Escario se quejó en las redes sociales de no salir en el Telediario recogiendo un premio, y a los tres días la sacan en el Telediario recogiendo el premio. No parece muy seria la cosa. Que conste que pienso que esta periodista deportiva se merece no ya ese galardón, sino el Pulitzer, el Ortega y Gasset, el González Ruano, el Príncipe de Asturias y hasta el Planeta, este último muy bien dotado económicamente. Otra cosa es que la imagen que transmite todo este proceso de lloriqueos y caricias no ayude a creer en la seriedad y el rigor de los informativos de la televisión pública.

Me explico: si una periodista de deportes tiene mano en la edición de los informativos de esta TVE, hasta el punto de hacer que se recupere con tres días de retraso, plena actualidad, una imagen tan personal como festivalera y prescindible, ¿cómo no van a tener mano Rajoy, Cospedal y compañía para evitar que en esos mismos telediarios informen como dios manda de la corrupción que corroe las entrañas de su partido? Por poner un ejemplo, digo.

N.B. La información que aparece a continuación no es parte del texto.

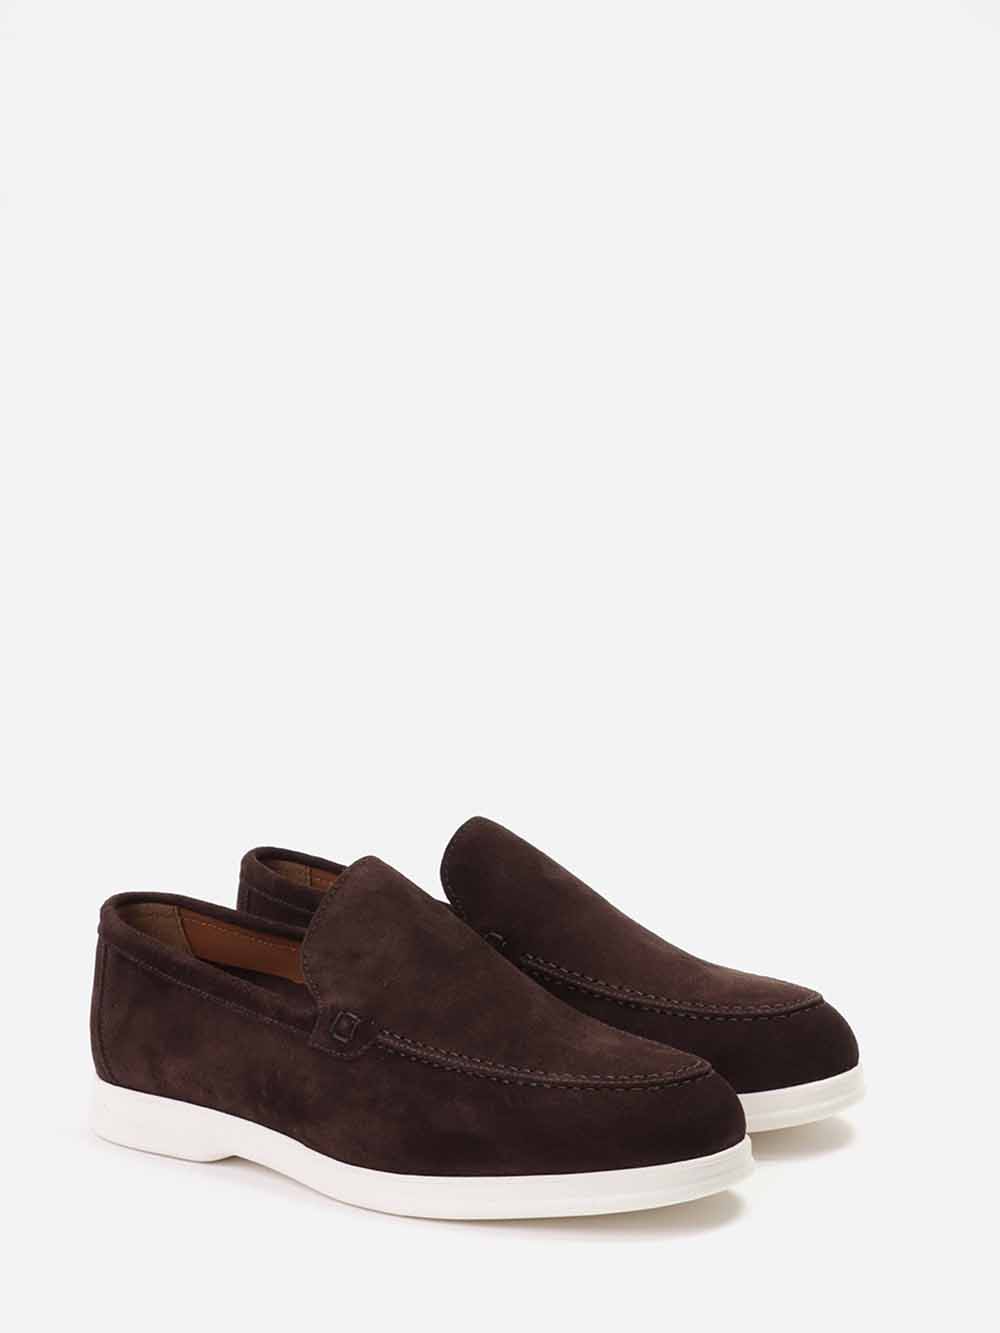 Terre moccasins

El Telediario de la señorita Pepis. Los informativos de Somoano. La televisión de Mariano. Es decir, la frivolización absoluta de TVE.

 

Un motivo para NO ver la televisión

Pobre blanco.

Autor: Sherwood Anderson.

Editorial: Barataria.

Cuando en 1919 Sherwood Anderson publicó “Winesburg, Ohio” se convirtió en un clásico norteamericano. El escritor de Ohio demostró, con esas crónicas minuciosas y sutiles de las vidas de los habitantes de un pequeño pueblo del interior profundo de Estados Unidos, ser un maestro del relato corto. Un libro memorable, una obra maestra absoluta, una lección sobre el arte de contar historias pequeñas.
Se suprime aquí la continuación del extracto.